"Nobody Is Ever Missing" is the tenth and final episode of the first season of the HBO satirical comedy-drama television series Succession. It was written by series showrunner Jesse Armstrong and directed by Mark Mylod, and aired on August 5, 2018.

The episode takes place at Shiv and Tom's wedding, which serves as a backdrop for various ongoing conflicts within the Roy family, chiefly Kendall's attempted takeover of Waystar RoyCo.

Plot
On the day of Shiv and Tom's wedding, the family gathers for photos while Kendall and Stewy sequester themselves away to finalize the announcement of their takeover bid for Waystar RoyCo. Kendall delivers the official documents to Logan, confirming that it is indeed a bear hug. Logan is furious and kicks Kendall out of his room, but begins scrambling to get ahead of the situation with his legal team immediately afterwards.

Prior to the reception, Roman excuses himself to the restroom to watch the live broadcast of a Japanese satellite launch, which Logan had placed under his responsibility. However, the rocket explodes on the launchpad. Roman later feigns surprise when Gerri confronts him about it. Meanwhile, Connor informs Willa that he intends to run for President of the United States. A stressed Logan joins the crowd amidst his legal crisis, and angrily fires a young waiter for spilling champagne on his arm. The waiter is immediately met with an NDA and cash settlement.

The wedding reception begins that night and the Roys give their speeches for Shiv and Tom. Logan gathers his children to another room to inform them of Kendall's takeover bid, infuriating all of them. Kendall arrives soon after and confirms his plans, seemingly indifferent to the anger of his siblings. Afterwards, he repeatedly asks Stewy for cocaine, but Stewy declines in order to preserve Kendall's focus for the night.

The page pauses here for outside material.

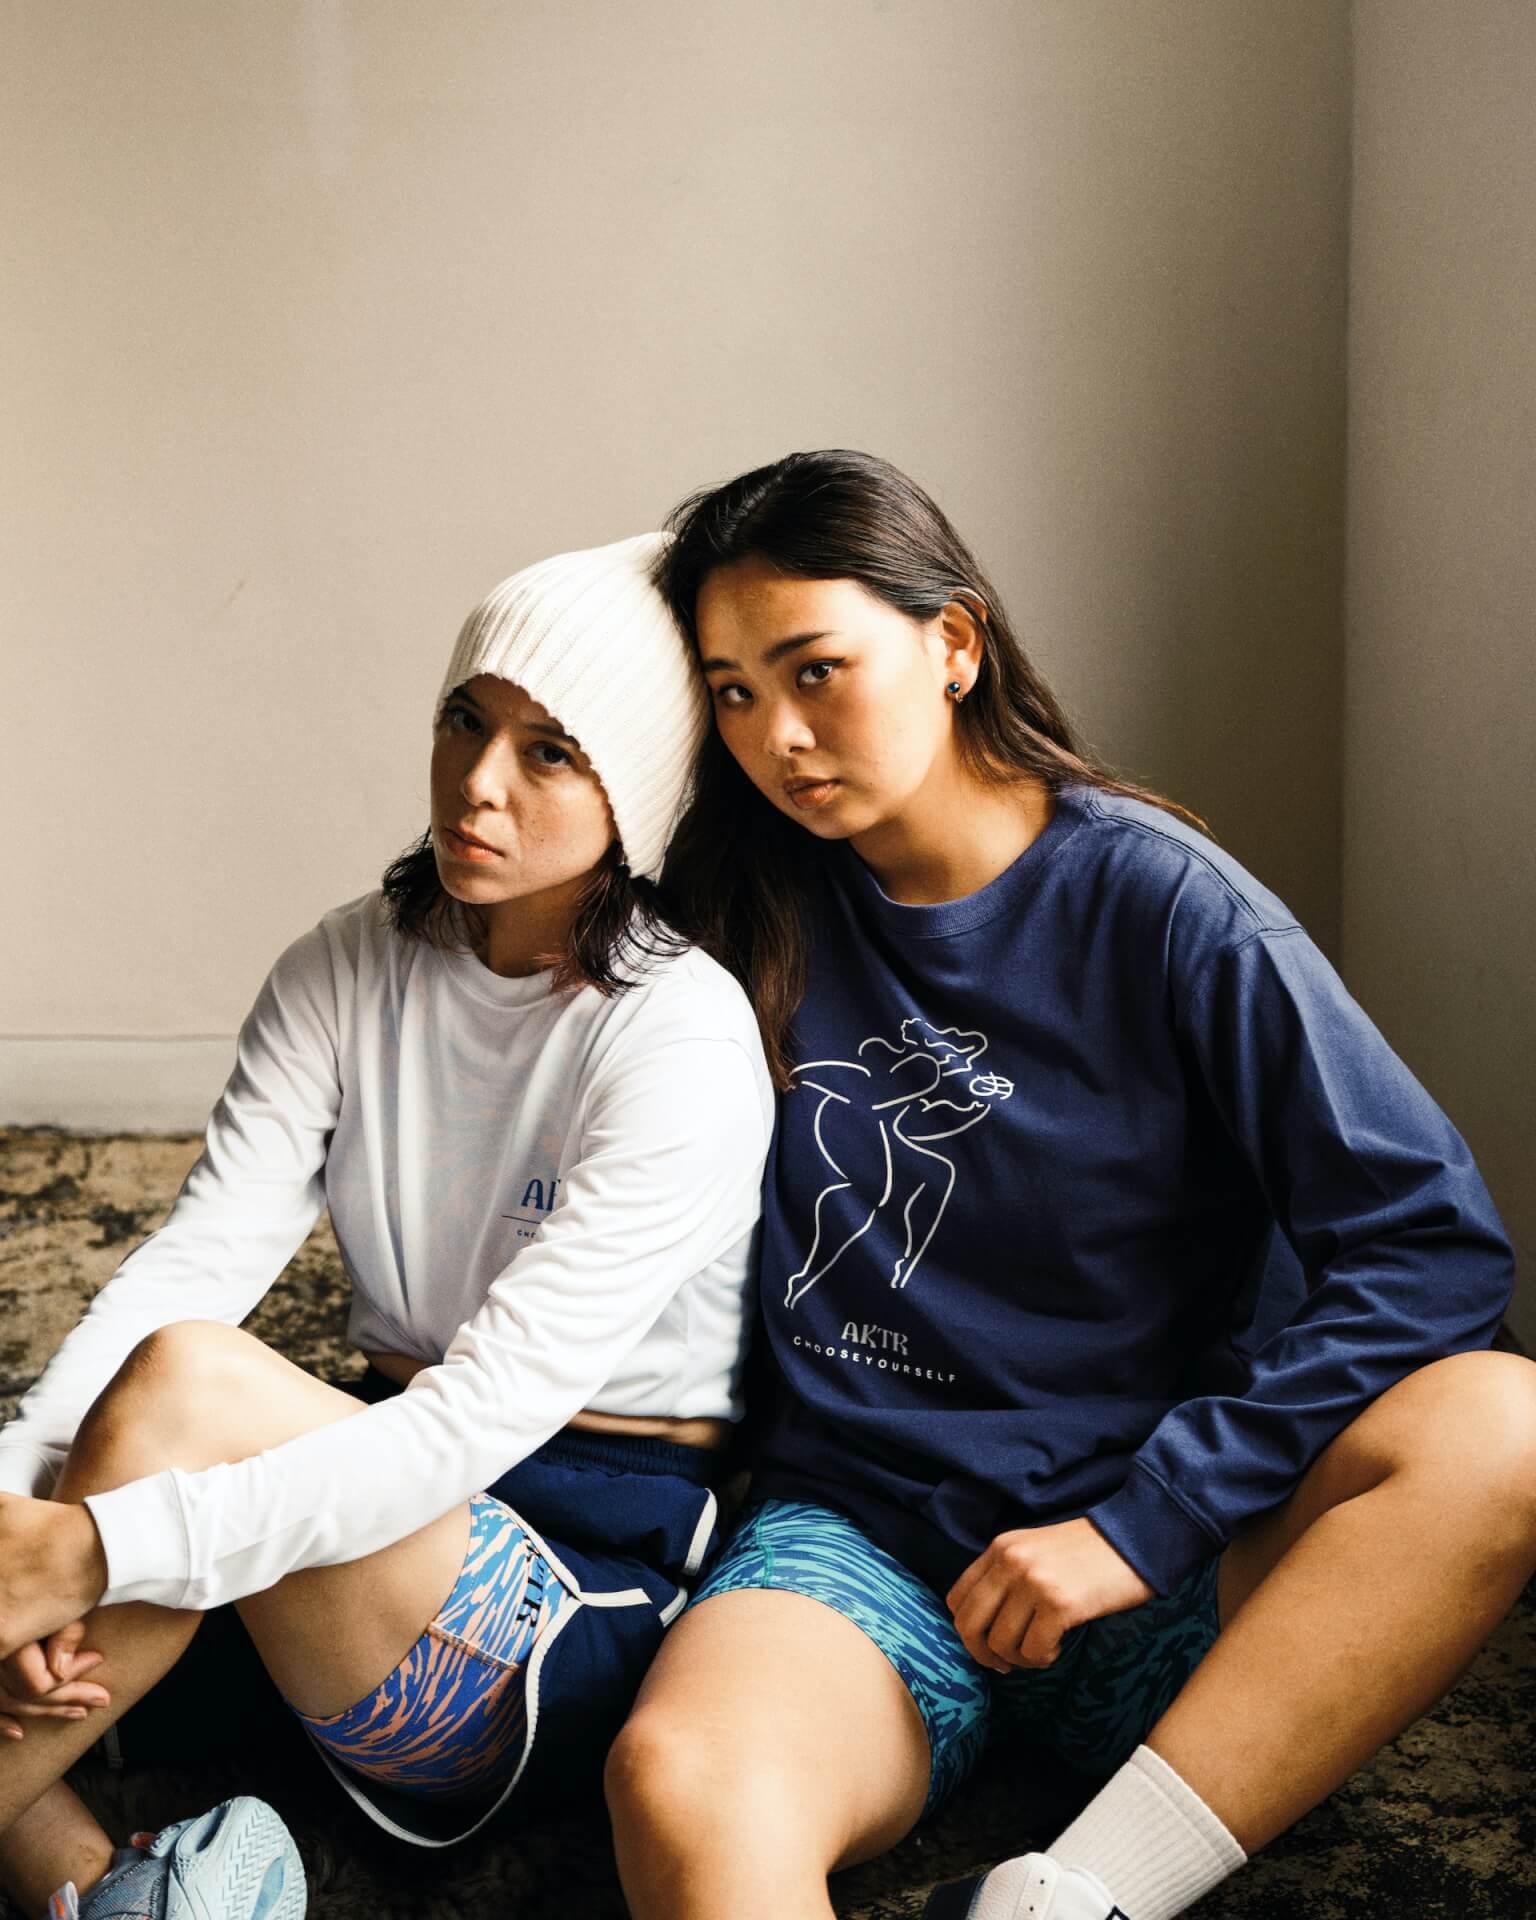 AKTRがオリジナルウィメンズライン「BREEZE collection」を発売決定!ルックに女子プロバスケットボール選手の馬瓜ステファニーらが起用 life210924_aktr_breez_015

Roman is relieved to learn from Gerri that no one died in the rocket explosion. Connor announces his presidential ambitions to his siblings. Kendall runs into Greg outside the castle, who reveals that he kept copies of the documents pertaining to crimes on Waystar's cruises and uses them as leverage to request a better position within the company. Kendall is impressed and agrees to Greg's wishes. Shiv and Tom return to their bedroom, where Shiv confides to Tom that she feels she is better suited for a non-monogamous relationship, and admits her affair with Nate. Tom forgives her and ejects Nate from the wedding.

Kendall wanders outside the castle searching for drugs and runs into Andrew Dodds, the waiter whom Logan had fired earlier. The two do ketamine together; an intoxicated Kendall decides to drive towards town in search of cocaine. As they approach a bridge, they swerve to avoid hitting a deer, landing the car into nearby water. Unable to save Dodds from drowning, Kendall flees the scene and returns to the wedding in shock. Having lost his keycard in the crash, Kendall breaks into his own bedroom, showers, and rejoins the crowd to keep up appearances with his family.

The police investigate the case the following morning, and recover Kendall's room key at the crash site. Logan concocts a cover story suggesting that Dodds stole Kendall's key card, but privately tells Kendall he knows he is responsible. Logan promises to make the case go away if Kendall calls off the takeover and attends rehab. Kendall obliges and breaks down crying in his father's arms.

Production

"Nobody Is Ever Missing" was written by Succession showrunner Jesse Armstrong and directed by Mark Mylod in his fourth episode for the series. The episode's title derives from a line in John Berryman's "Dream Song 29". The episode, along with the penultimate episode of the season, "Pre-Nuptial", was filmed at Eastnor Castle in Herefordshire, England. The castle has frequently featured on other television series and is often used as a real-life wedding locale. 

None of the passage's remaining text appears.